Planners

Here are two different temporal planners to consider experimenting with. Sapa deals with temporal domains, and specifically only Time and Complex. LPG deals with several domains including Strips, Numeric, HardNumeric, SimpleTime, and Time. Sapa, which is written in Java, has a nice graphical interface that presents a plan in a table showing actions and time intervals, as well as plenty of more information about constraints and dependencies. LPG, which is written in C, was one of the best performing planners at the recent International Planning competition and can be used to gain familiarity with simple Strips domains such as the blocks world.

Sapa

Information on Sapa can be found at http://rakaposhi.eas.asu.edu/sapa.html/. "Sapa: A Domain-Independent Heuristic Metric Temporal Planner" is a good paper to read first to understand the planner. The source code and readme on how to compile and run can be obtained at /projects/ai/planners/sapa. In order to run it there, people will need to set their class paths at the command line as done below.

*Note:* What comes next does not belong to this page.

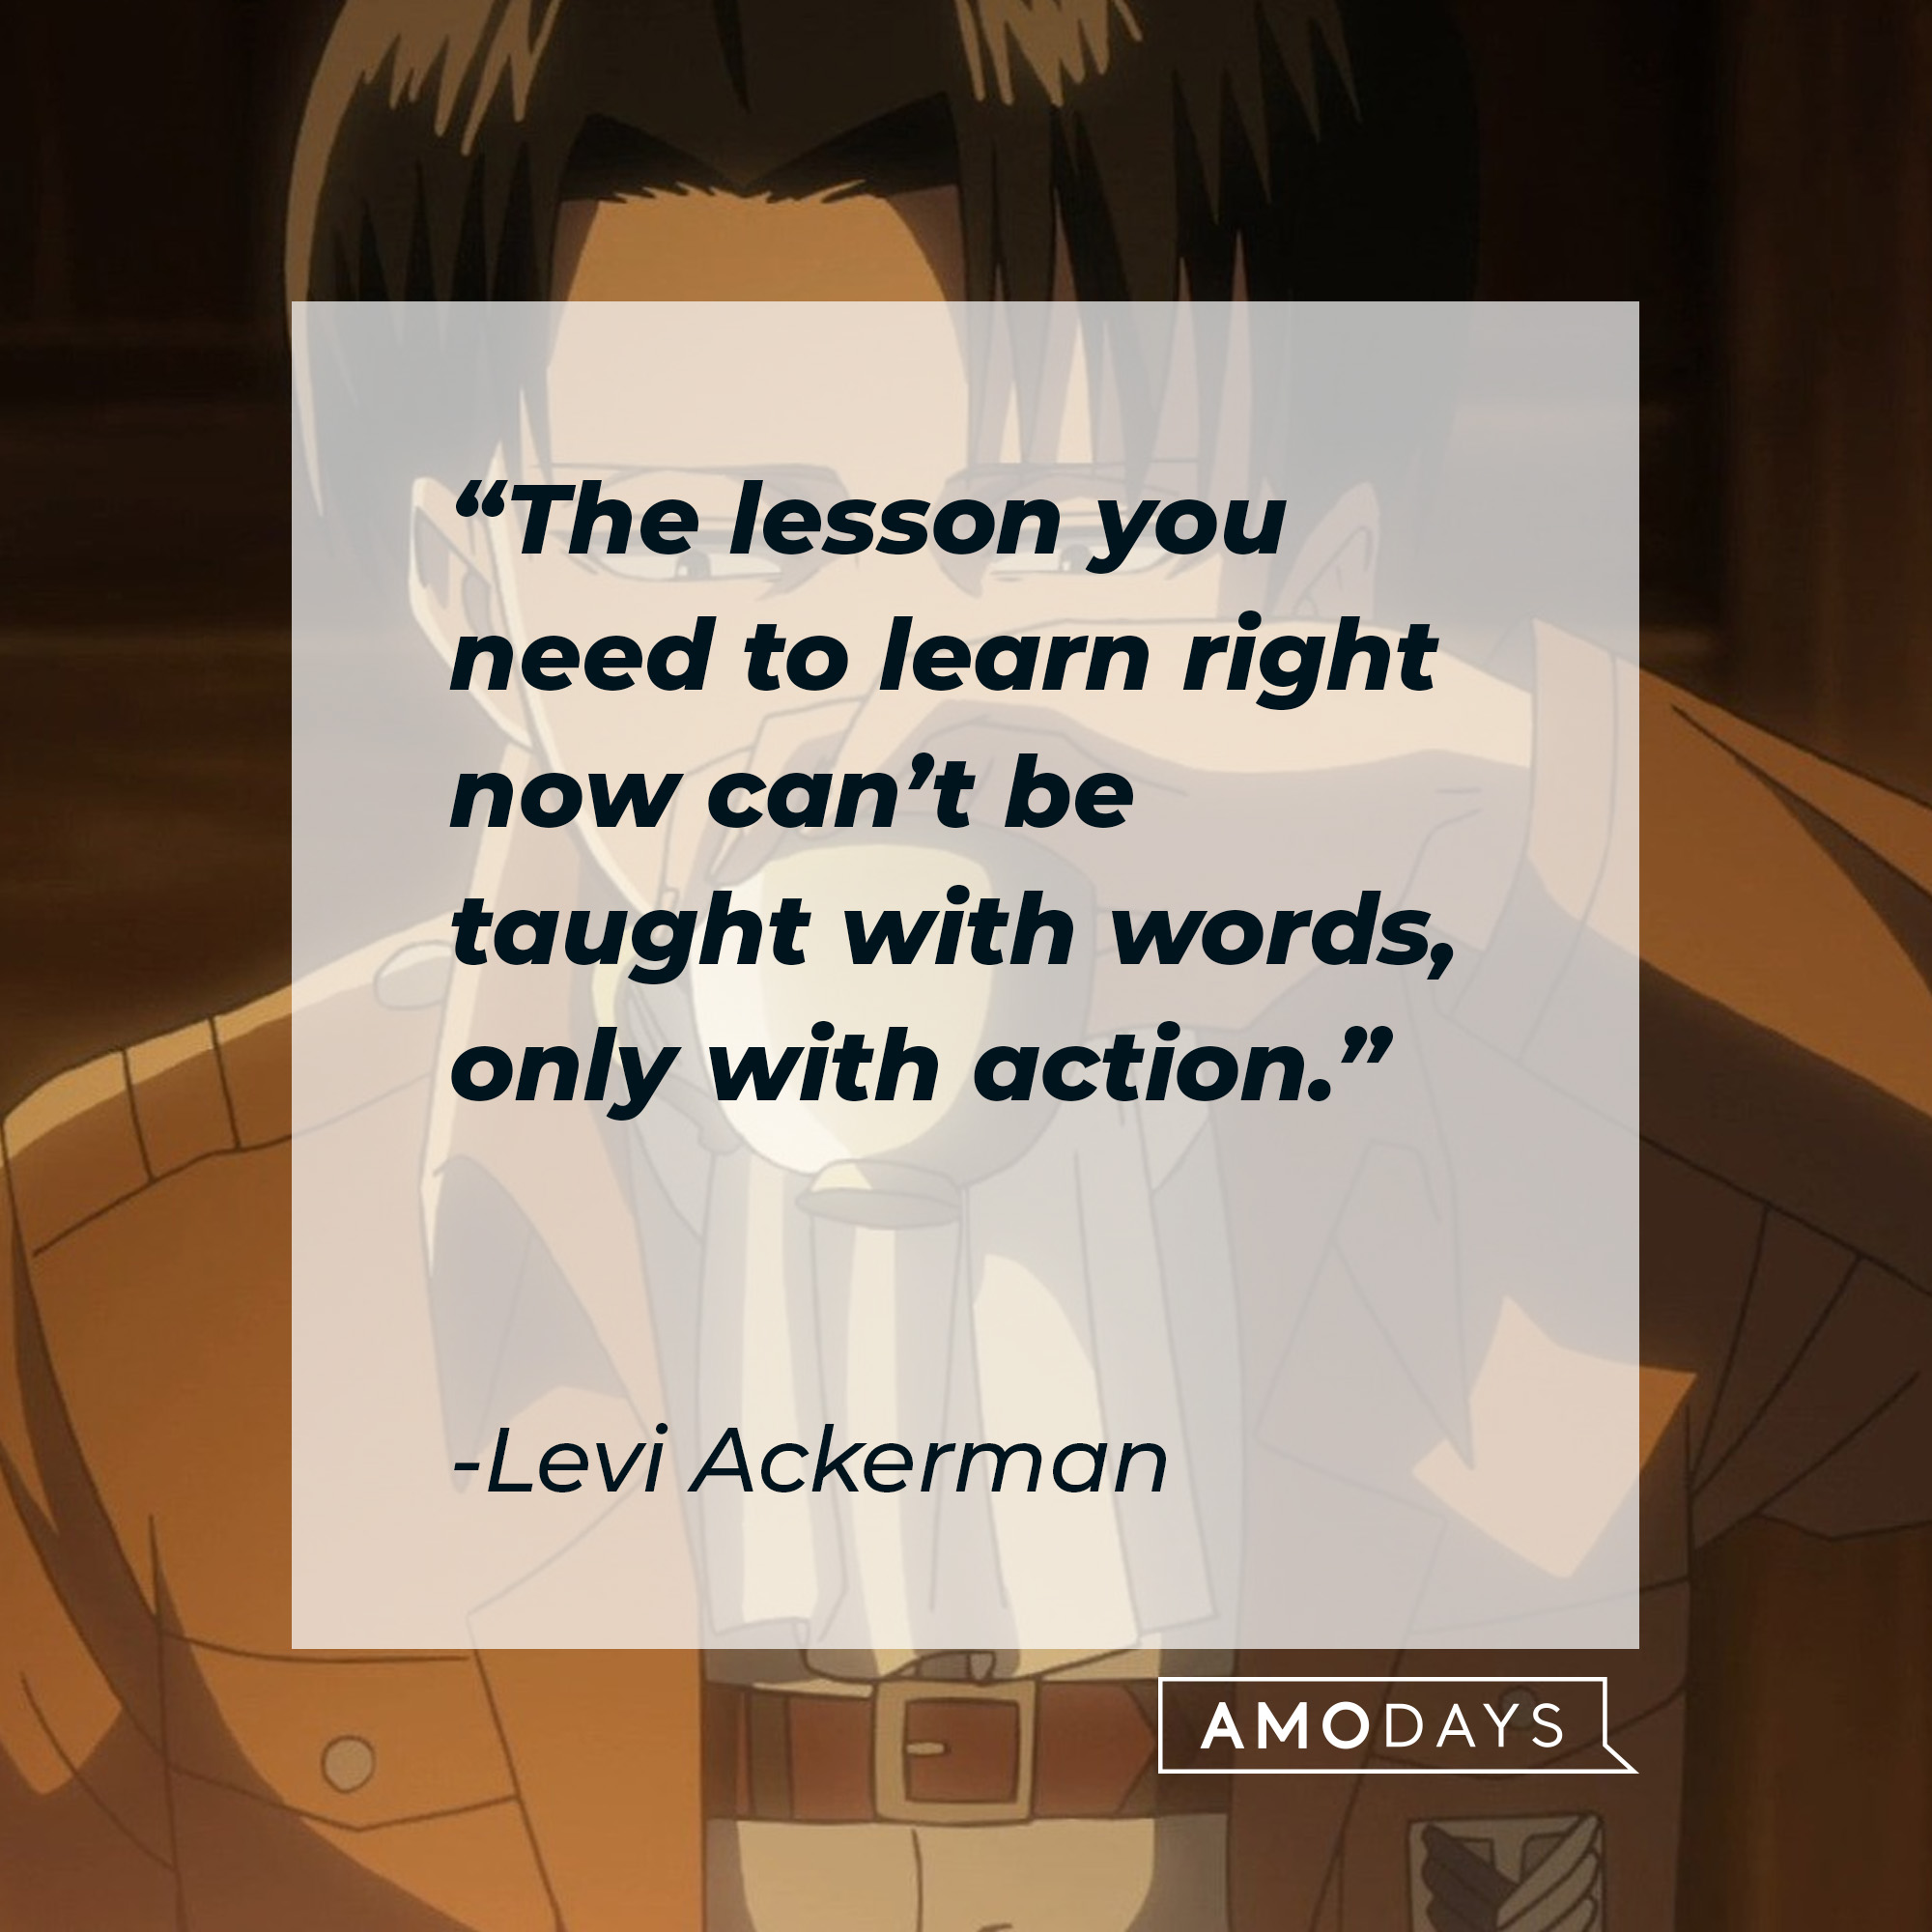 Levi Ackerman, with his quote: “The lesson you need to learn right now can’t be taught with words, only with action.” │ Source: facebook.com/AttackOnTitan

java -cp /projects/ai/planners/sapa/ myplanner.Planner

It's a pain for window users to use the gui in this way (at least Tal says that he gets a slow and messed up version through reflectionX). He finds it easiest to just compile his own version and run it directly from his machine. For those that wish, the code is available in /projects/null/ai/planners/sapa/sapa1.0.zip

Click on Sapa's Java Applet and select User Guide for a brief description of the gui.

LPG

Information on LPG can be found at http://prometeo.ing.unibs.it/lpg/. The link at the top of the page leads to a download which contains the executable plus the Satellite domain for Strips, Numeric, HardNumeric, SimpleTime, and Time.

Sample Domains

The LPG download contains sample domains that can be used for both planners. More can be found at http://www.dur.ac.uk/d.p.long/competition.html.

PDDL

It is necessary to know PDDL to understand the planning domains. A description of PDDL can be found at http://www.dur.ac.uk/d.p.long/competition.html. It is probably best to click on PDDL2.1, and first read what is in the "earlier version" link followed by the additions in PDDL2.1 which describe temporal annotations.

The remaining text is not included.